Румянец на лице Кадрусса сменился смертельной бледностью; он отвернулся, и священник увидел, как тот утирает слёзы уголком красного платка, повязанного вокруг головы.
— Бедняга, бедняга! — прошептал Кадрусс. — Что ж, сударь, вот вам ещё одно доказательство того, что добрых людей никогда не вознаграждают на этом свете и что преуспевают одни лишь злодеи. Ах, — продолжал Кадрусс на цветистом наречии Юга, — мир становится всё хуже и хуже. Отчего бог, если он и вправду ненавидит нечестивых, как о нём говорят, не низведёт на них серу и пламень и не испепелит их всех разом?
— Вы говорите так, словно любили этого молодого Дантеса, — заметил аббат, не обращая внимания на горячность своего собеседника.
— Да, любил, — отвечал Кадрусс, — хотя, признаюсь, было время, когда я завидовал его удаче. Но клянусь вам, сударь, клянусь всем, что дорого человеку, с тех пор я глубоко и искренне оплакивал его злую судьбу.
Наступило краткое молчание, в продолжение которого пристальный, испытующий взгляд аббата был занят изучением взволнованного лица трактирщика.
— Так вы знали беднягу? — продолжал Кадрусс.
— Меня призвали к его смертному ложу, дабы я подал ему утешения религии.
— И отчего же он умер? — спросил Кадрусс сдавленным голосом.
— А отчего, по-вашему, умирают в тюрьме молодые и крепкие люди, едва достигшие тридцати лет, если не от самого заточения?
Кадрусс отёр крупные капли пота, выступившие у него на лбу.
— Но всего удивительнее в этой истории то, — продолжал аббат, — что Дантес и в свой смертный час клялся распятым Спасителем, что ему совершенно неведома причина его заточения.
— Так оно и было, — прошептал Кадрусс. — Да и как могло быть иначе? Ах, сударь, бедный юноша сказал вам правду.
— И потому он умолял меня попытаться разгадать тайну, в которую он так и не сумел проникнуть, и очистить его память, если на неё пала какая-нибудь грязь или пятно.

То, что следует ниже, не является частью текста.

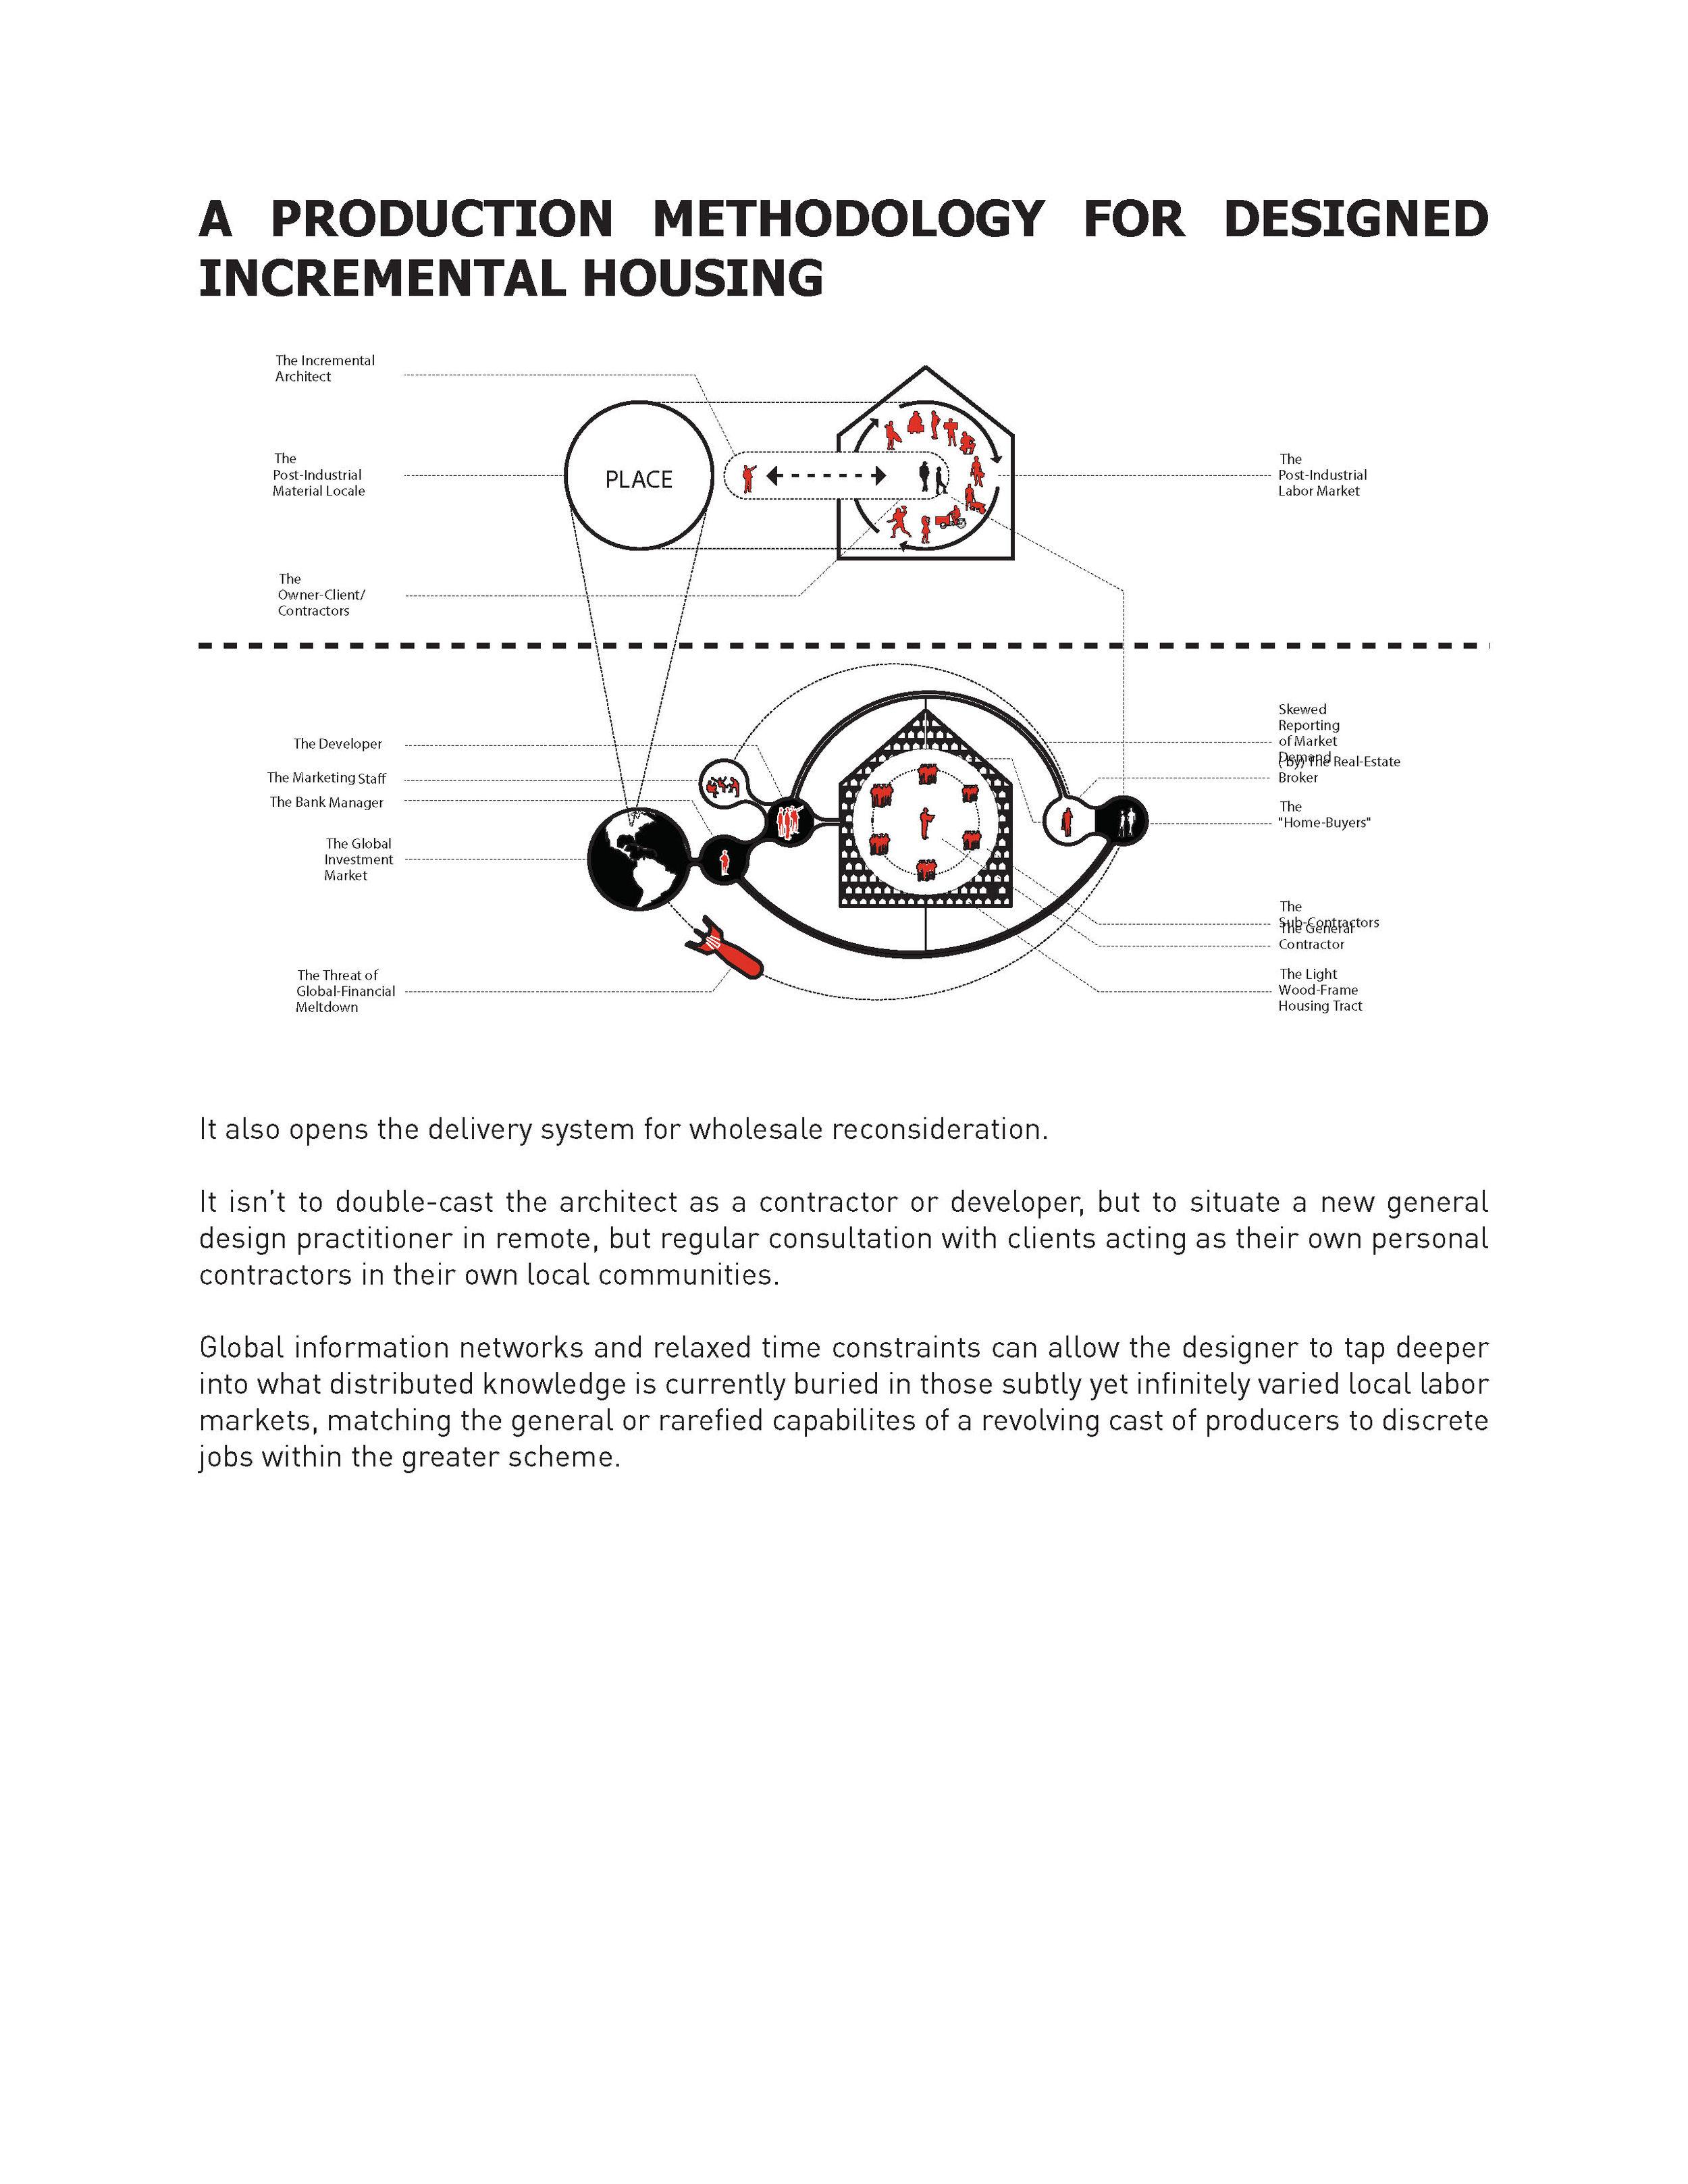 DSA_CMiller_Thesis_Slides_Boards_03_30_2013_Page_08.jpg
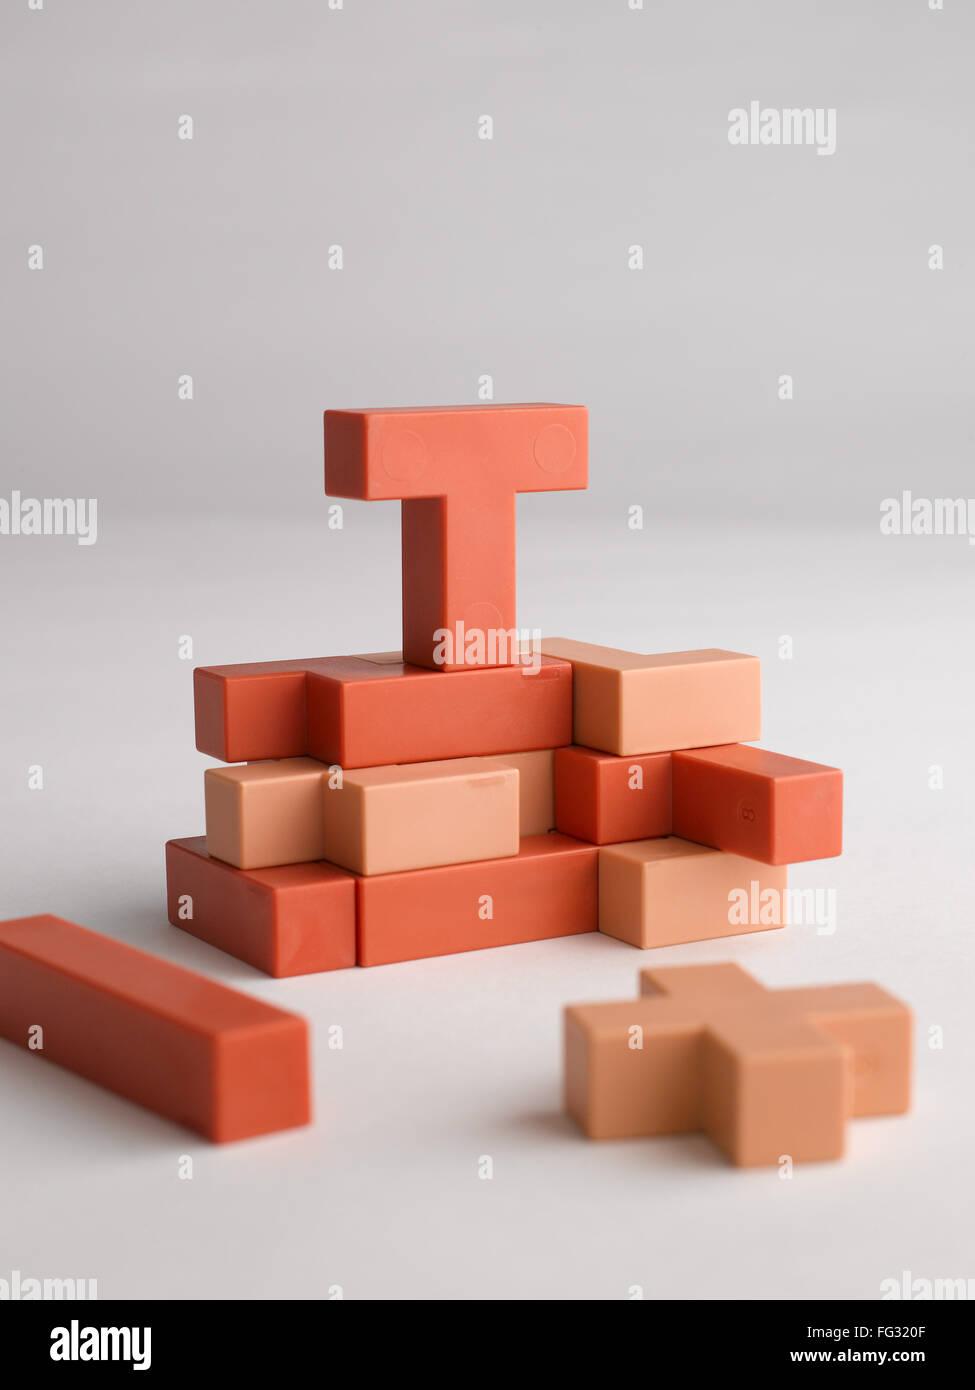 puzzle India - Stock Image

И тут взгляд аббата, становясь всё более пристальным, словно с плохо скрытым удовлетворением остановился на мрачном унынии, что стремительно разливалось по лицу Кадрусса.
— Один богатый англичанин, — продолжал аббат, — товарищ его по несчастью, но выпущенный из тюрьмы во время второй реставрации, владел алмазом огромной ценности; этот камень он подарил Дантесу, покидая узилище, в знак признательности за доброту и братскую заботу, с какою Дантес выхаживал его во время тяжкой болезни, постигшей его в заключении. Вместо того чтобы употребить этот алмаз на подкуп тюремщиков, которые могли бы просто отобрать его, а потом выдать пленника коменданту, Дантес бережно хранил его, дабы, в случае если ему удастся выйти из тюрьмы, было бы на что жить, ибо продажи такого алмаза с лихвой хватило бы, чтобы составить его состояние.
— Стало быть, — спросил Кадрусс с жадным, пылающим взором, — это был камень огромной ценности?
— Что ж, всё относительно, — отвечал аббат. — Для человека в положении Эдмона алмаз, разумеется, был большой ценностью. Его оценивали в пятьдесят тысяч франков.
— Помилуй бог! — воскликнул Кадрусс. — Пятьдесят тысяч франков! Должно быть, алмаз был с орех величиной, чтобы стоить таких денег.
— Нет, — возразил аббат, — он был не столь велик; но судите сами. Он при мне.
Острый взгляд Кадрусса мгновенно устремился к одежде священника, словно в надежде обнаружить, где сокрыто сокровище. Спокойно вынув из кармана небольшой ларчик, обтянутый чёрной шагренью, аббат раскрыл его и явил ослеплённому взору Кадрусса сверкающий камень, оправленный в кольцо восхитительной работы.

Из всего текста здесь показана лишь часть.